The boy was 11 in 1989 when he was snatched in St. Joseph, Minn. His loved ones got a small measure of peace this month when his killer, Danny Heinrich, confessed and led authorities to the spot where he buried Jacob all those years ago after he molested and shot the boy.

The Wetterling case helped incite the country’s fixation with sex offender registries when a cop complained to the boy’s mother that investigators needed a clearinghouse of perverts to properly begin their search. Minnesota and Washington soon created state registries of convicted sex offenders, and the trend quickly went national. Today, about 806,000 men, women and children (some as young as 9) are registered as sex offenders in the United States.

But here’s the thing: Sex registries have been an expensive failure, like so many politicized crime laws enacted in response to one atrocity or another.

“The way this has played out is almost always to name and enact a law in honor of a young white female victim, or occasionally a white male,” says Marc Mauer, executive director of the Sentencing Project, a Washington, D.C., advocacy group.

Jacob.
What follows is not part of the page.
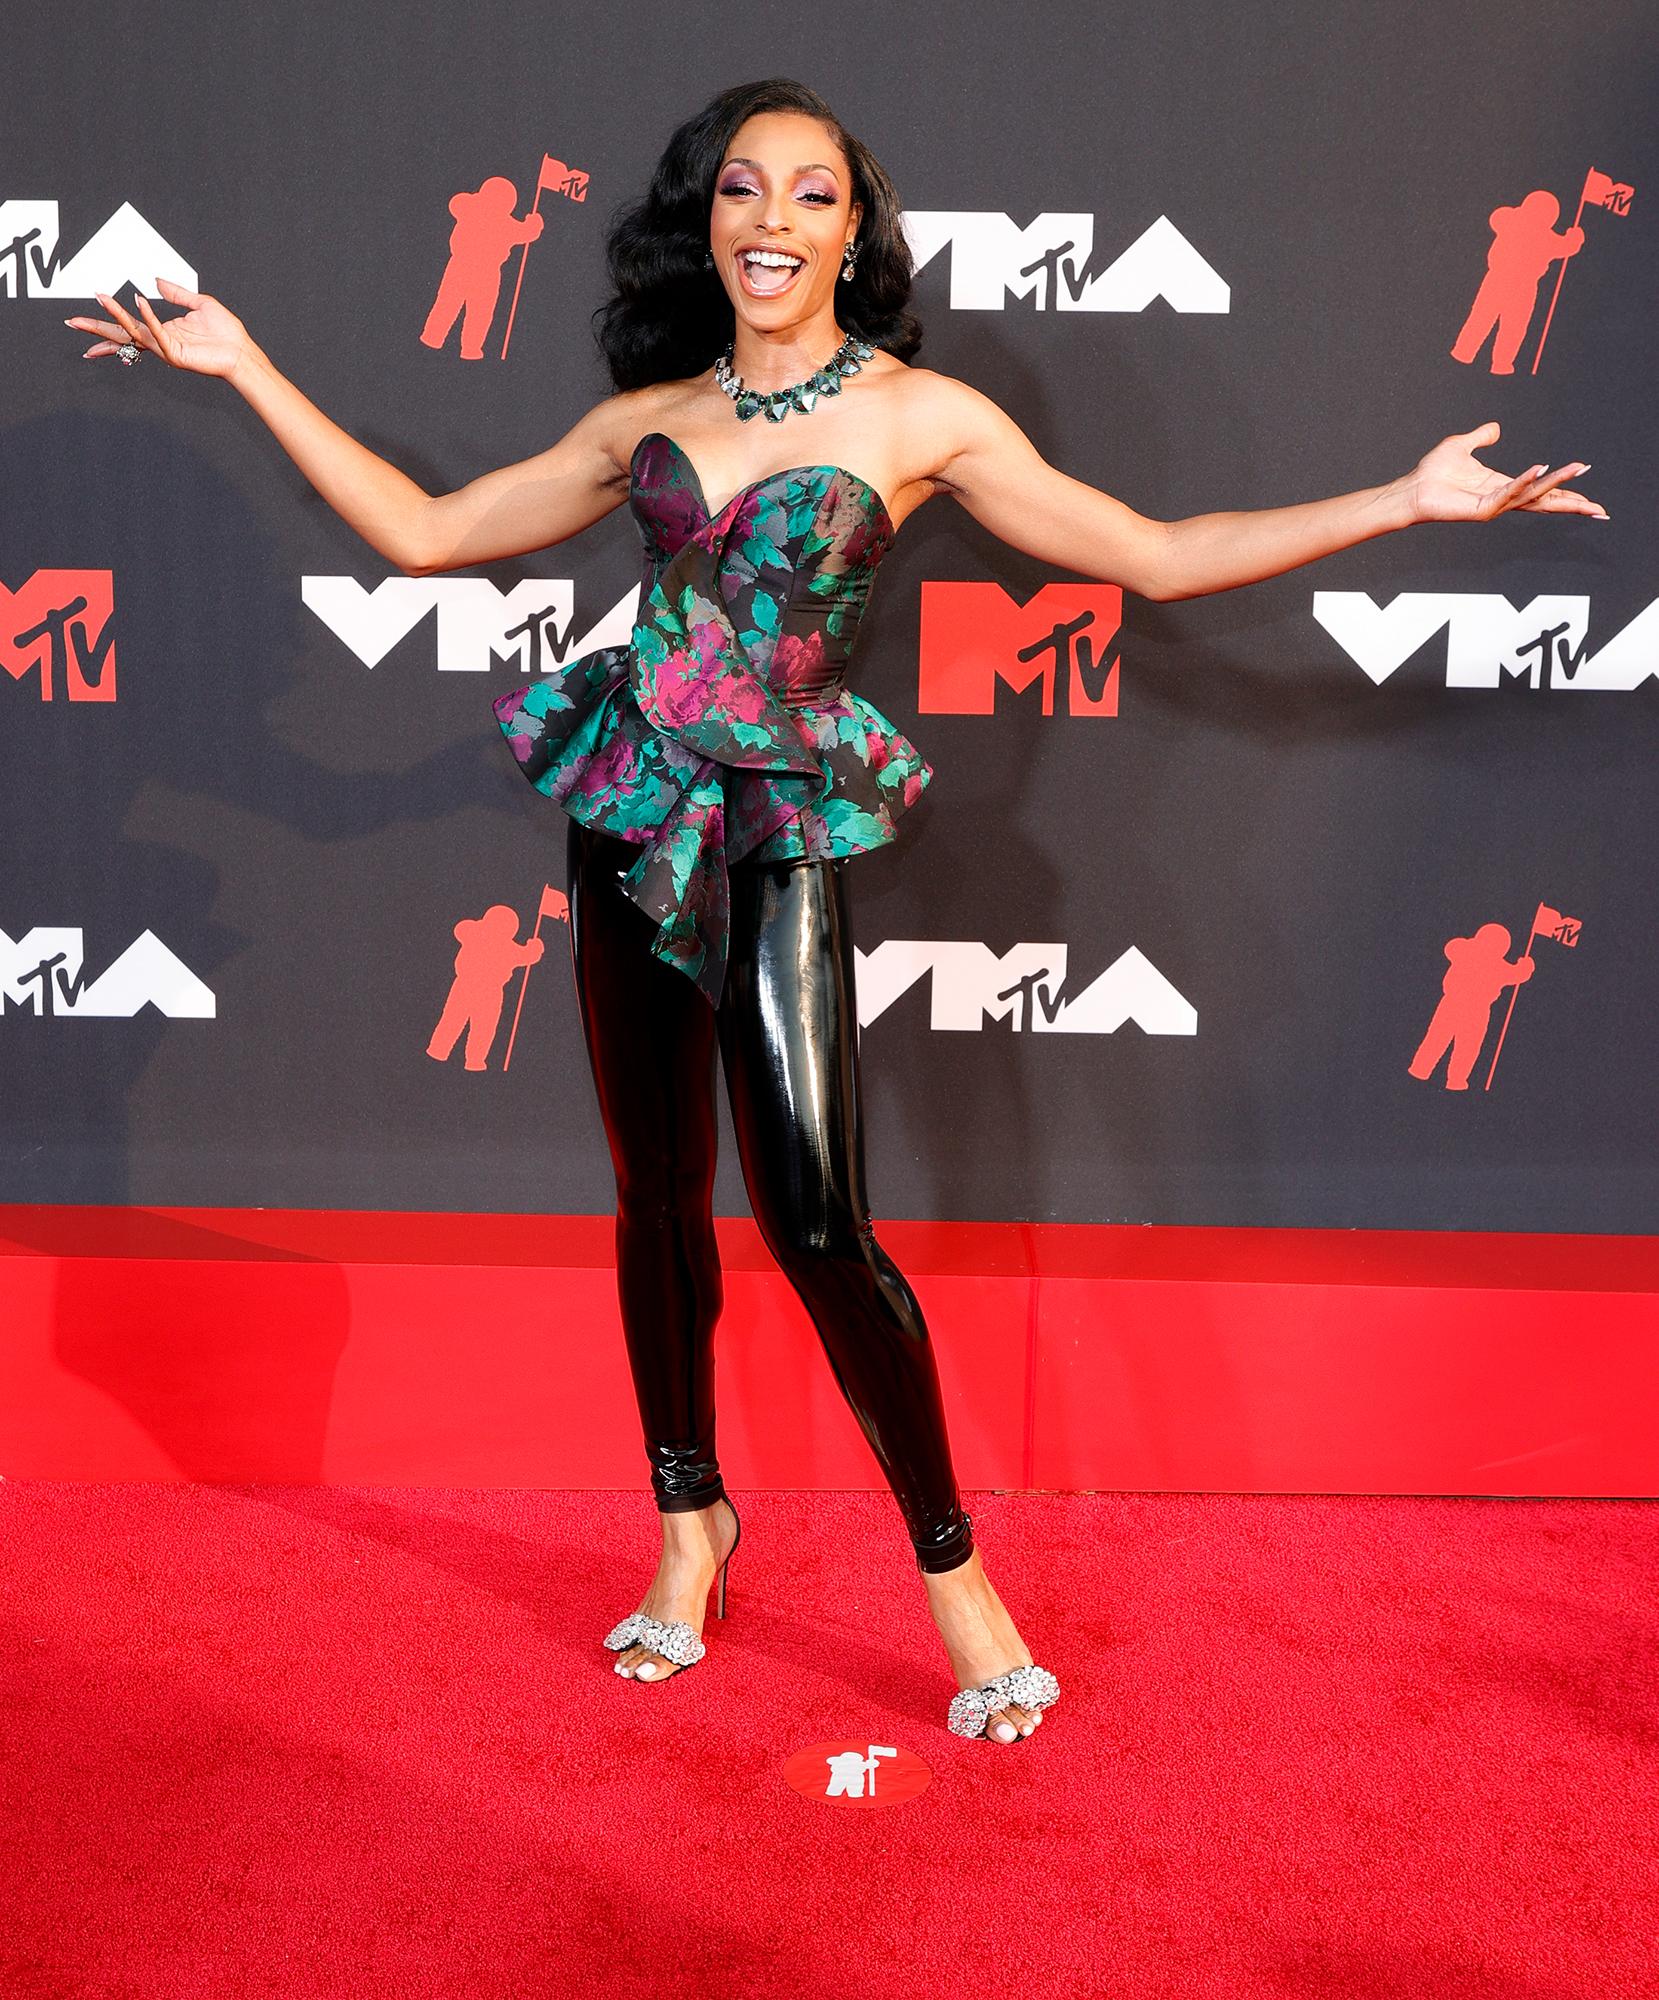 Jamila Mustafa arrives at the 2021 MTV Video Music Awards

Megan. Polly. Amber. Adam. The names are etched in the narrative history of registries in the U.S.

Mauer has spent 30 years observing the enactment of ripped-from-the-headlines laws and their lasting impact. He says adding a victim’s name and face as a true-crime mascot to a law adds drama, not reason, to the lawmaking process.
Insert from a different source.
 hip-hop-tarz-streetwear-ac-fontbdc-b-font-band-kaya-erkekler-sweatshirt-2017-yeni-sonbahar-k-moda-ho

“It's theoretically possible that certain single events could serve as the basis for a crime law, but the potential for overreach and excessive punishment in these situations is far more of a concern,” Mauer tells me. “When we consider that we're a nation of 300 million people…why would we assume that a single incident highlights a problem that no one has been aware of? It's also the case, of course, that all of these behaviors were already criminalized, so the attention given to what is often an anomalous case only serves to ratchet up the scale of punishment for all.”

Registries raise nettling civil liberty issues, including whether it is rational public policy to shame and sanction children caught making out with a schoolmate. The registries have created expensive back-office bureaucracies coast to coast, including the federal Office of Sex Offender Sentencing, Monitoring, Apprehending, Registering and Tracking.

Emily Horowitz, a Brooklyn criminologist, writes in her book Protecting Our Kids? How Sex Offender Laws Are Failing Us that rates of sexual abuse have held steady since the sex registry era began 25 years ago.

The registries also help misinform our understanding of child sex abuse.

Public angst is focused on “stranger danger.” But most child molestations take place at home. As Horowitz and many other experts have pointed out, the perpetrators in nine out of 10 child sex abuse cases are family members or trusted friends.

Yet as Horowitz told a reporter last year, it is “political suicide” for a politician to oppose the registry.

Here’s a look at a handful of other laws (and one policy) enacted amid a wave of political expedience born of human tragedy.

9/11 and the Patriot Act

Jingoism can blur your vision.

That was one of the lessons when Congress rushed through (and President Bush quickly signed) sweeping legislation in 2001 that was sold to Americans as an urgently needed response to terrorism. The Senate voted 98-1 and the House 357-66 in favor, even though not a single member of Congress is believed to have read the seminal (and most controversial) law of the post-9/11 era.

The title of the legislation was the USA PATRIOT Act: Preserving Life and Liberty, with the acronym helpfully spelled out in a parenthetical subhead: “Uniting and Strengthening America by Providing Appropriate Tools Required to Intercept and Obstruct Terrorism.”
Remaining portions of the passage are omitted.